### Problem description
Everything from the line with "Aspinal of London" to the last line of the listing must be retyped exactly, both ends included, with the pictures dropped.

### Data shown

◇ ◇ ◇

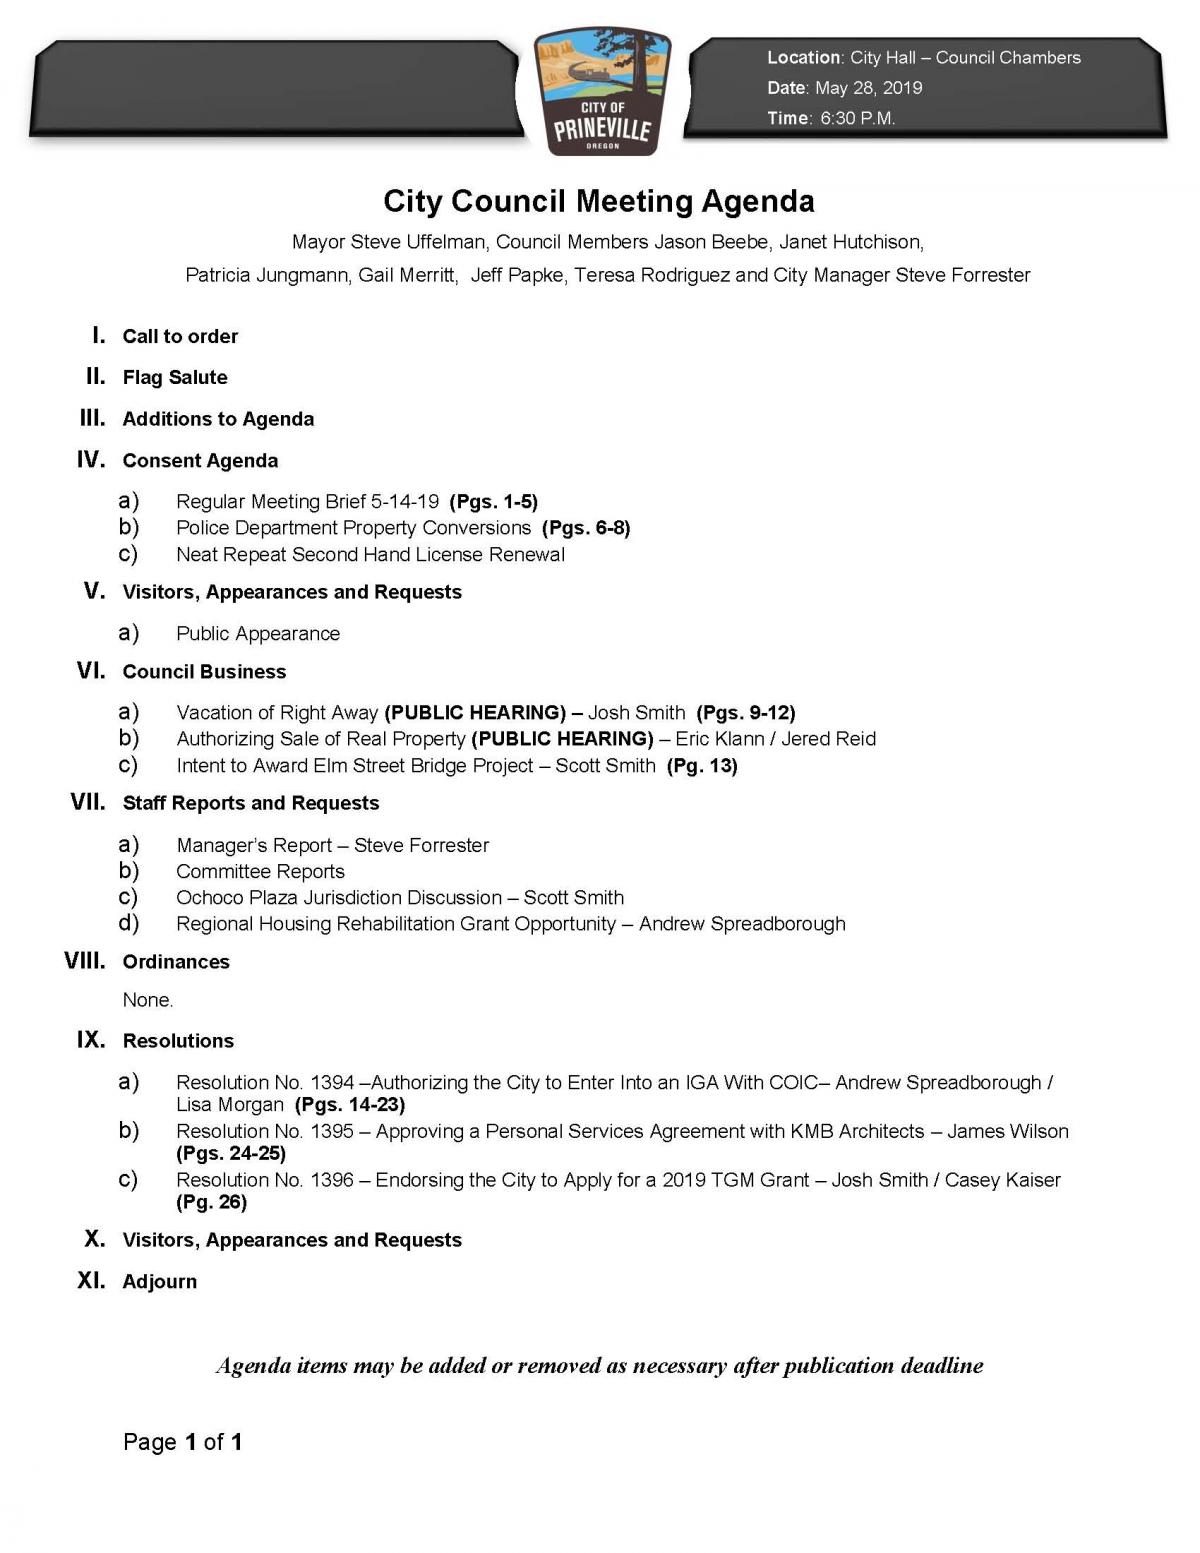 Council Agenda 5-28-19
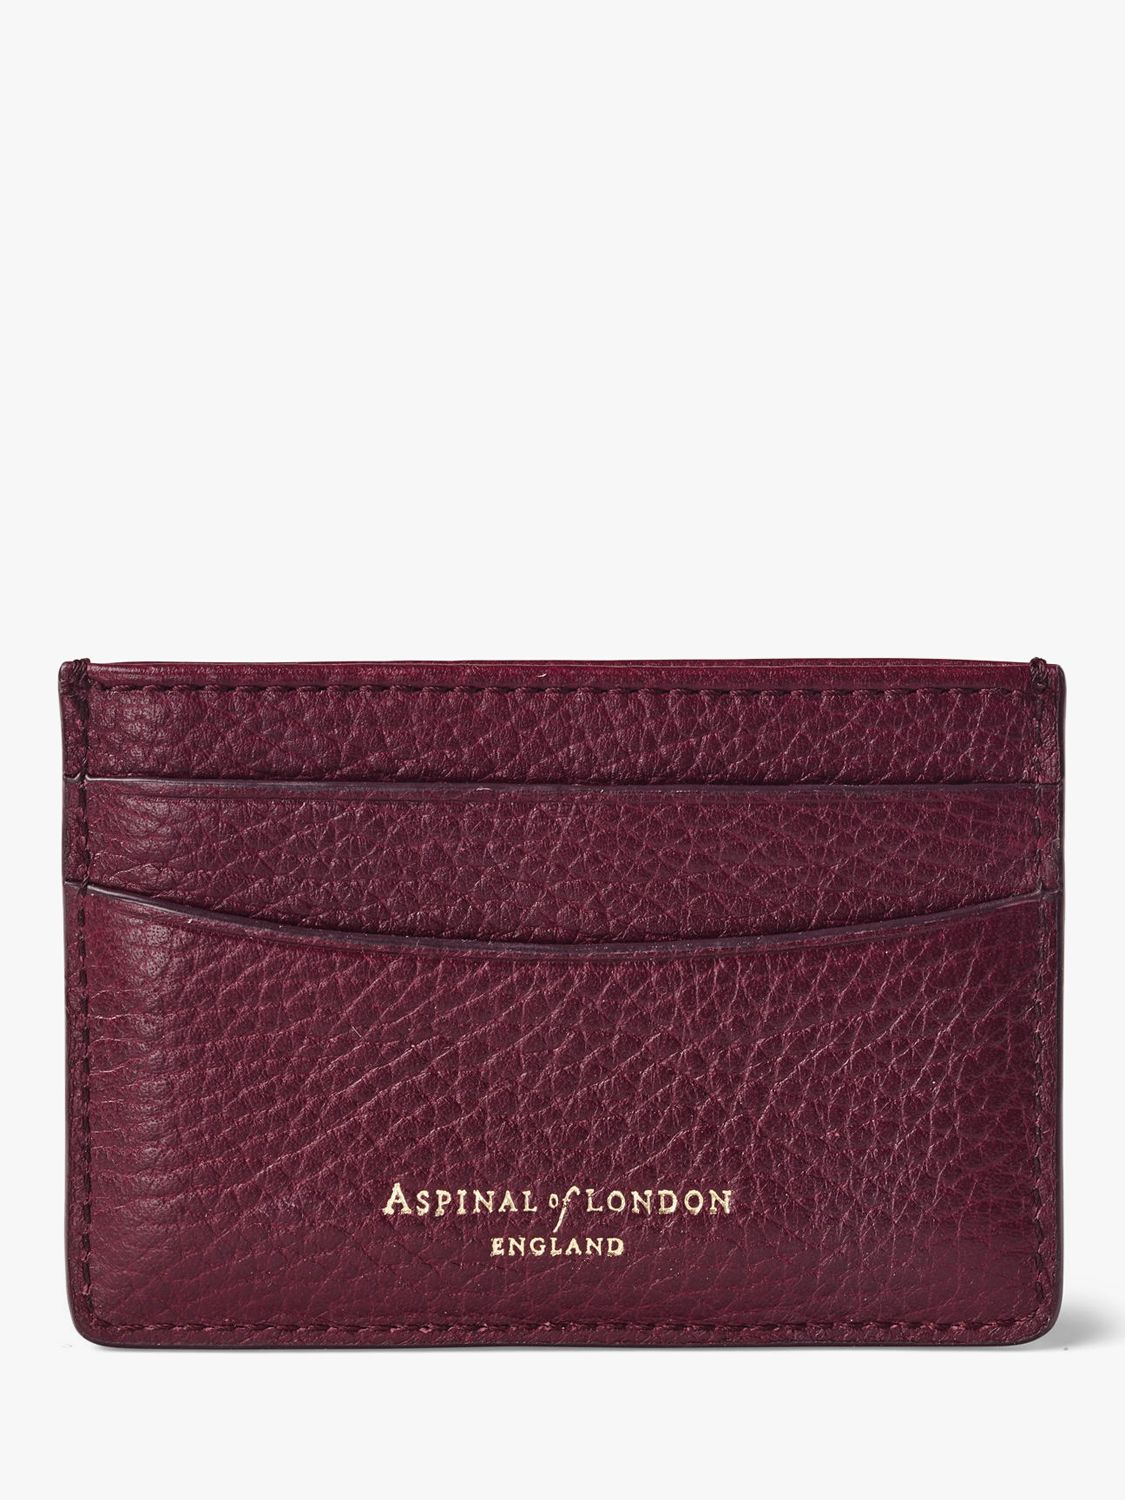 Aspinal of London Pebble Leather Slim Credit Card Case, Burgundy
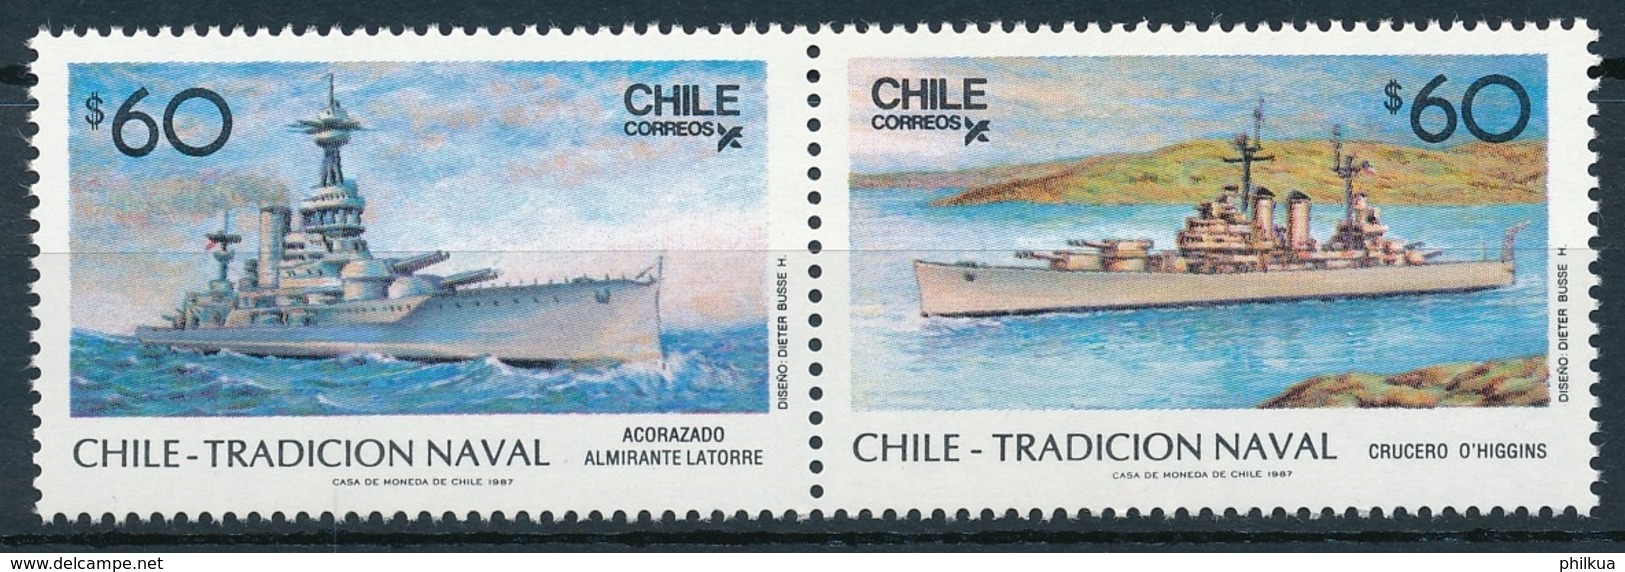 Chile - Postfrisch/** - Schiffe, Seefahrt, Segelschiffe, Etc. / Ships, Seafaring, Sailing Ships - Schiffahrt

◇ ◇ ◇

### Result below
 Aspinal of London Pebble Leather Slim Credit Card Case, Burgundy
 Chile - Postfrisch/** - Schiffe, Seefahrt, Segelschiffe, Etc. / Ships, Seafaring, Sailing Ships - Schiffahrt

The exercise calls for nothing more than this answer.